Data analysis and haplotype network

The presence and frequency of pyrethroid mutations, both in this study and in our previous study (Koç et al. 2021), were evaluated by analyzing the peak heights in sequencing chromatographs, following the methodology described by Van Leeuwen et al. (2008). The maps were generated using mapchart.net with inputs from current and previous studies (see Table S2-S3 for details on the data used and the corresponding references). All previous studies employed individual mites for pyrethroid mutation identification, with the exception of Farjamfar et al. (2018), who used pooled DNA but found no mutations in their study. Therefore, only homozygous mutant individuals were considered resistant when generating the map, given the recessive nature of the pyrethroid resistance mutation (González-Cabrera et al. 2013, 2018).

To explore the genetic diversity among various Varroa populations, we examined the sequences obtained in our study together with sequences retrieved from the GenBank database (see Table S4 for accession numbers of sequences used in analysis). Because we used pooled mites for DNA extraction in this study, we could not determine individual haplotypes. Therefore, we used consensus sequences based on dominant nucleotides as representative haplotypes for each sample. MAFFT v.7 with the ‘Auto’ strategy (Katoh et al. 2019) was utilized to perform a multiple sequence alignment, which was later refined using Bioedit v.7.0.5 software (Hall 1999).
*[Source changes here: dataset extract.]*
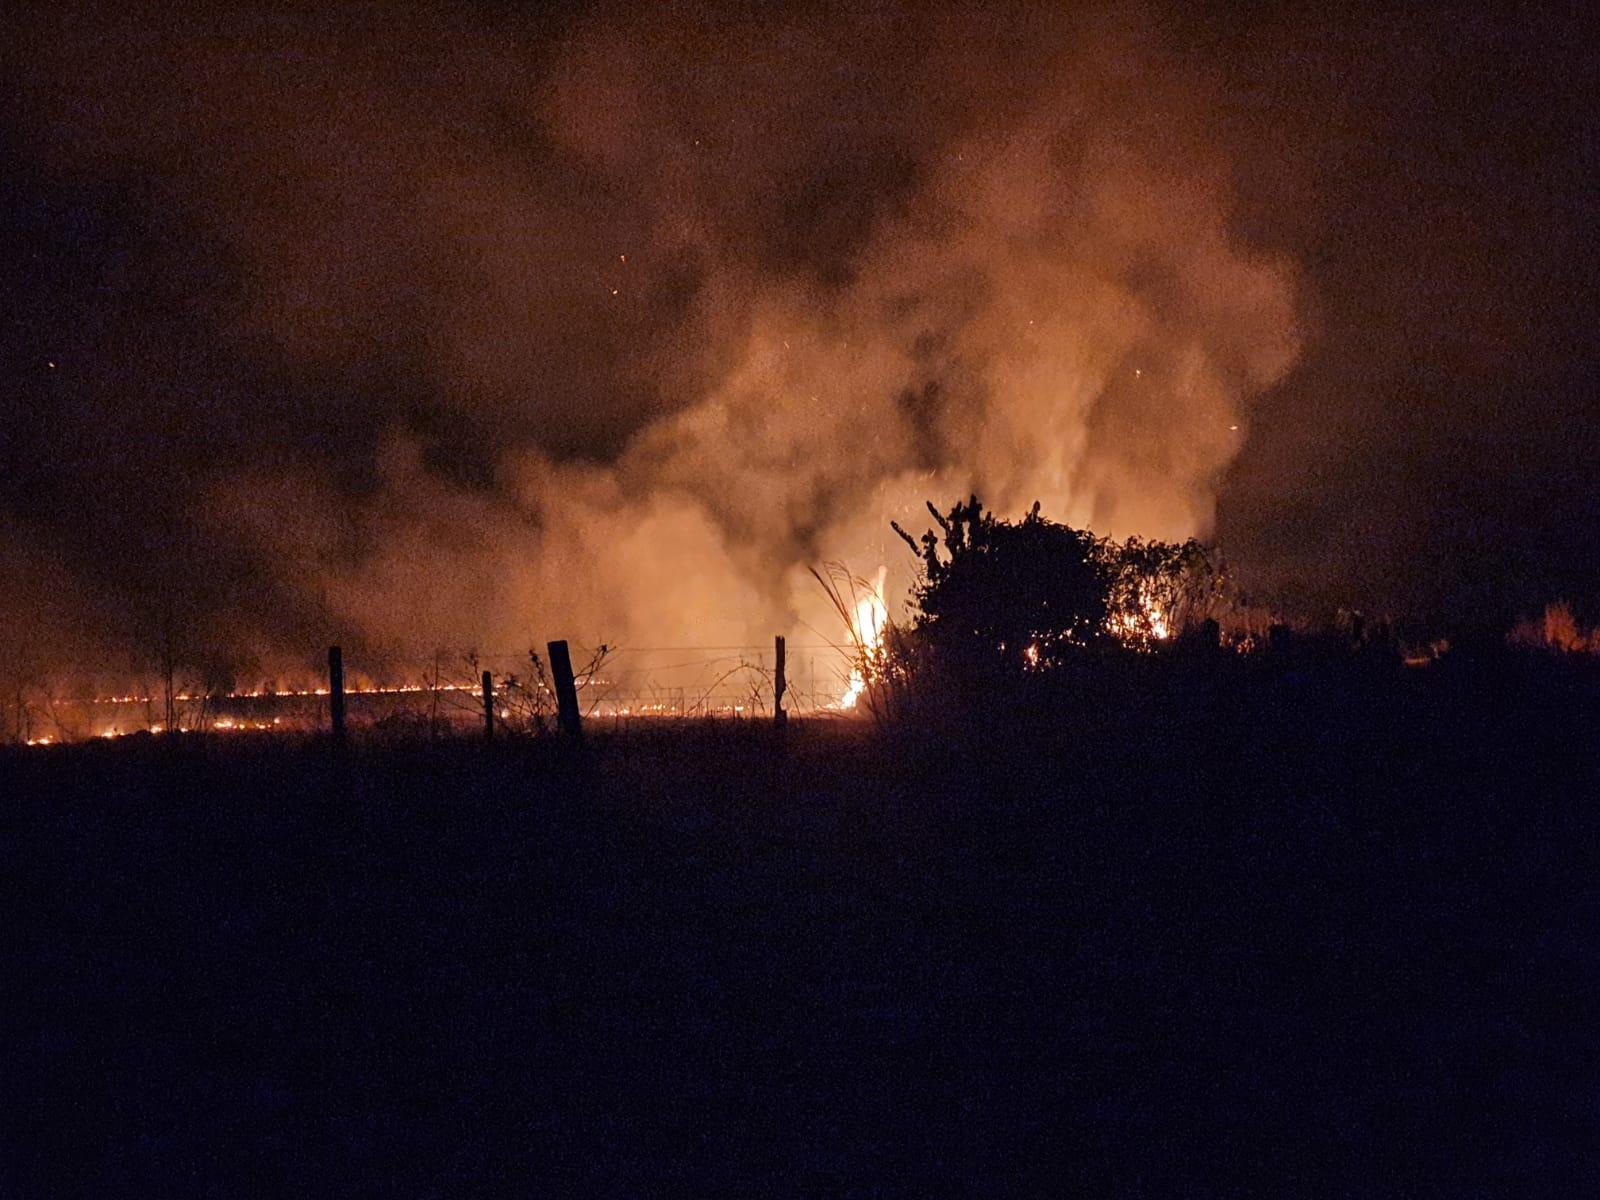 Foco de fogo na em propriedade rural. O incêndio atravessou um quarteirão de propriedades rurais, queimando dia e noite. (Foto: Hugo Dan)

Haplotype analysis of COI sequences was conducted using DnaSP v6.12.03 (Rozas et al. 2017) and PopArt v1.7 was used to draw haplotype networks based on the haplotypes generated by DnaSP (Leigh and Bryant 2015). The accession numbers of sequences obtained in this study (both COI and ND4), as well as those retrieved from GenBank for analysis, along with their haplotypes, are provided in Table S2 and Table S4. The genetic distance among all the obtained sequences was assessed using MEGA11 (Tamura et al. 2021).

Results and discussion

Varroa destructor is widely recognized as a significant factor contributing to the decline of honey bee colonies (Traynor et al. 2020). In addition to their considerable economic importance to Türkiye through honey exportation, honey bees play a crucial role in pollinating numerous crops. However, Varroa control seems to be not at the intended level, as 100% infection rates have been previously reported in Turkish apiaries (Yalçınkaya and Keskin 2010; Koç et al. 2021). Similarly, all hives in the study's sampling area were infested with Varroa mites, albeit with varying levels of severity as observed through visual inspection.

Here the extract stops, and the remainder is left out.